Guyana UN candidate calls maintaining UN 'collective responsibility'

Carolyn Rodrigues-Birkett, Guyana's U.N. ambassador, has called for the United Nations to be revitalized and made more agile and effective to continue acting as a force for global good.

Guyana UN candidate calls maintaining UN 'collective responsibility'
  • Country:
  • Guyana

Guyana's candidate to be United Nations secretary-general said on ​Thursday there is a collective responsibility to ​ensure the world body can ‌continue to ​act as a force for good, while stressing the need to make it more agile and effective. Carolyn Rodrigues-Birkett, a former schoolteacher who currently ‌serves as her country's U.N. ambassador and was previously its foreign minister, is among six candidates to succeed Antonio Guterres as U.N. chief after his term expires at the end of the year.

Guterres’ successor ‌faces the enormous task of revitalizing an organization in crisis and declining stature that is ‌under increasing pressure to reform a bloated, costly bureaucracy and cut duplication across its many agencies. "I believe in the United Nations. It is indispensable, it is incomparable, and it is a force for global good," Rodrigues-Birkett told a hearing on ⁠her ​candidacy.

"While it is important ⁠to highlight the U.N.'s shortcomings, we must also recognize the profound difference it has made in the lives of all ⁠of our peoples. Our collective responsibility is to make sure it continues to do so." Like other candidates, she ​stressed the need to continue efforts to reform the organization "towards the goal of a ⁠more agile and effective organization."

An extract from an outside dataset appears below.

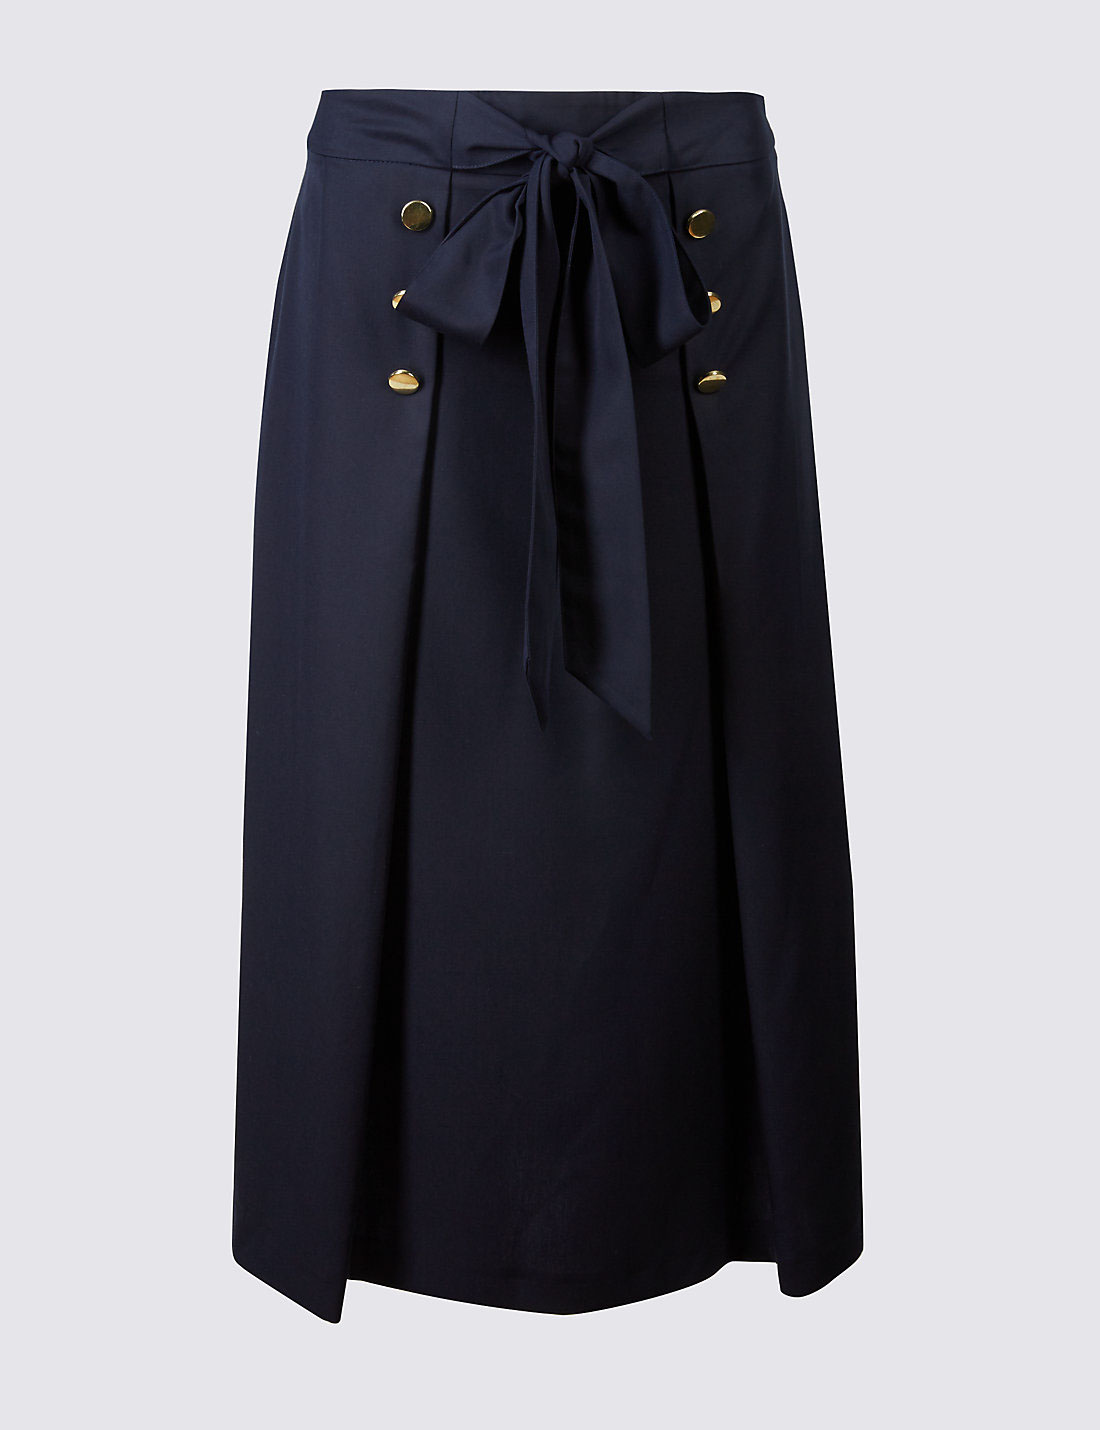 Fashion  design marksandspencer London skirt SS17

The other candidates are Maria Fernanda Espinosa, a former foreign affairs minister and defense minister of Ecuador; ⁠Rebeca Grynspan, ​a former vice president of Costa Rica; Michelle Bachelet, the former Chilean president; Macky Sall, a former president of Senegal, and Rafael Grossi of Argentina, director-general of the International Atomic Energy ⁠Agency. Elections are due later this year. No woman has ever held the job.

Precedent holds that a ⁠secretary-general should not come from ⁠one of the permanent members of the Security Council - Britain, China, France, Russia and the U.S. - although the major powers' backing is crucial in ‌a lengthy ‌and arcane selection process.